On se croyait protégés avec la pillule, les MST n'étaient pas bien fréquentes, personne de mon entourage à part justement quelques homos fréquentant assidument les saunas ne se protégeait avec les préservatifs. On entend tout et n'importe quoi sur la propagation. Les baisers, les brosses à dents, les serviettes de toilette, la vaisselle. Tout. Le plus absurde est facile à ignorer mais pour le reste ? De quoi devons-nous avoir peur ? Quelles précautions devons-nous prendre ?

Le silence est pesant. Très peu de malades le disent, encore moins de séropositifs, en tout cas pas en milieu hétéro. « Machin est malade. Tu sais... » On apprend à comprendre les points de suspension.

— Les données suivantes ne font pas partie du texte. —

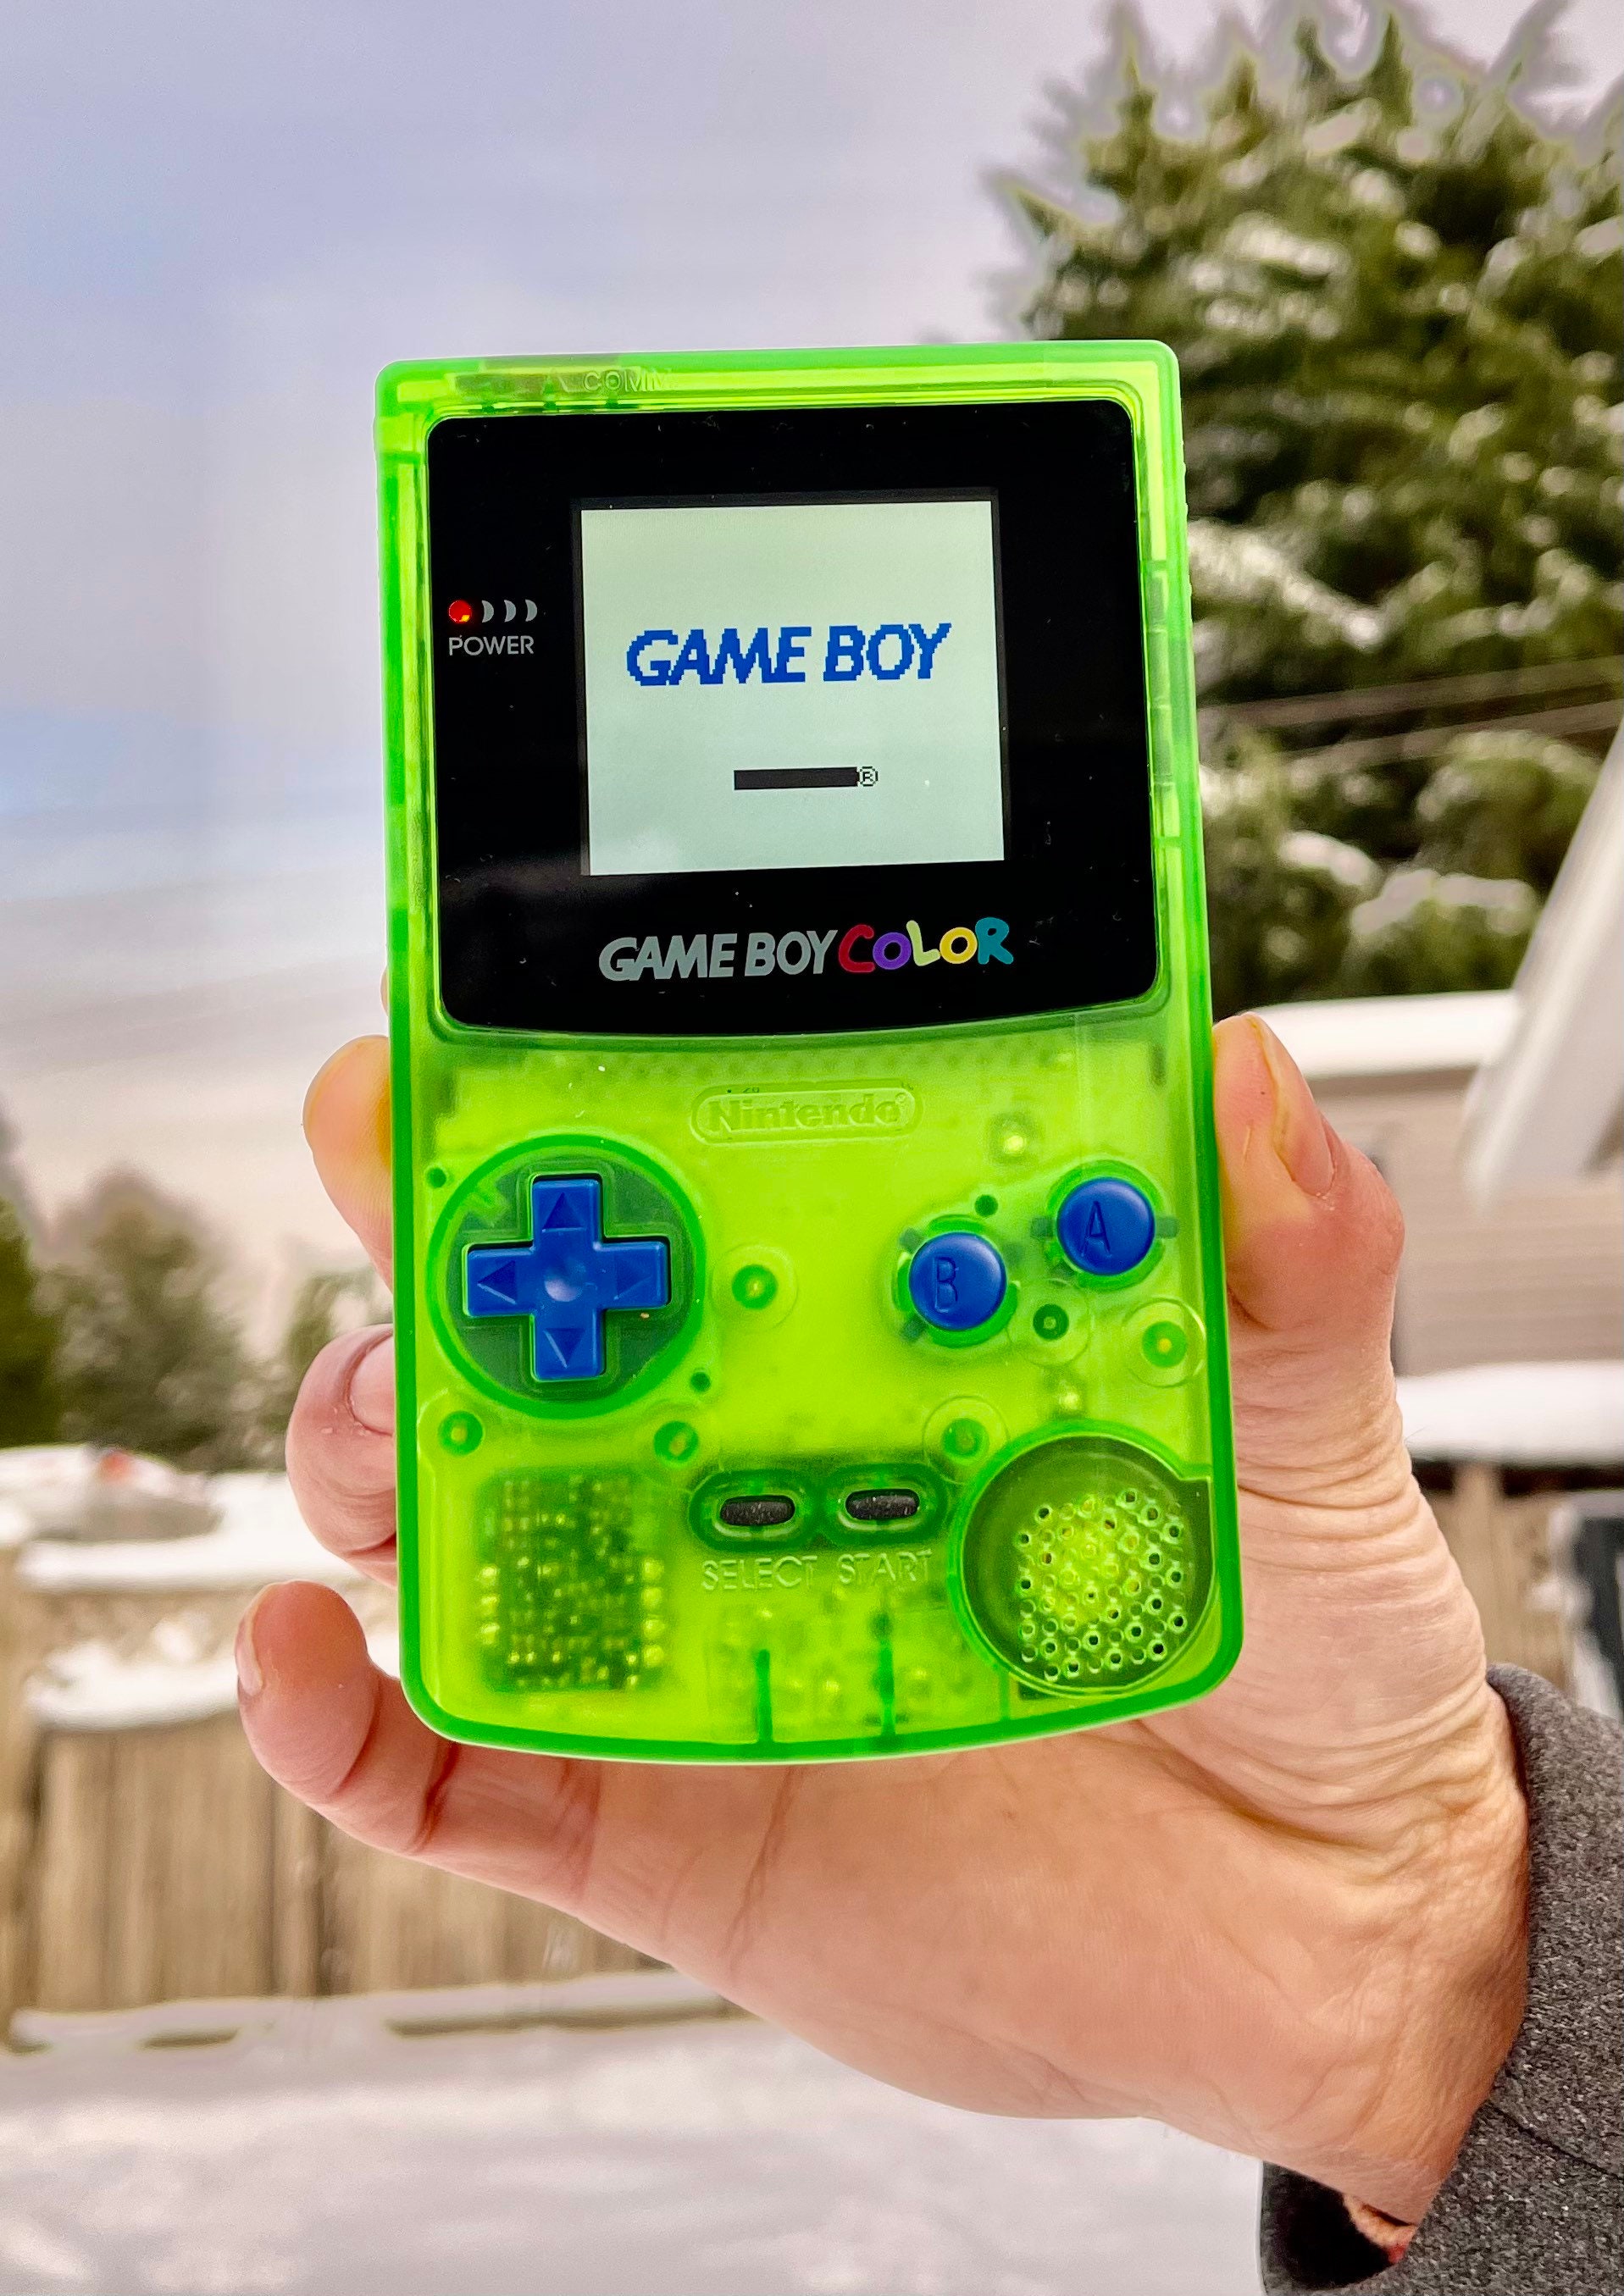 Nintendo Gameboy Color GBC TFT Backlight Clear Green Custom Modded Console  With 8 Color Pallets to Play on & 10 Levelbrightness Adjustment -   Norway

La sexualité sans soucis aura duré une dizaine d'années. Avant il y avait le spectre de la grossesse non désirée, après celui du sida. Le réveil des évangélistes de la bonne morale est tonitruant. J'irai jusqu'à dire qu'ils exultent littéralement : punis, vous êtes punis nous crient leur componction aux interviews télévisés où ils prônent la fidélité et l'abstinence. Oh certes, il y a bien ces pauvres transfusés mais enfin les autres, ils l'ont bien un peu mérité non ?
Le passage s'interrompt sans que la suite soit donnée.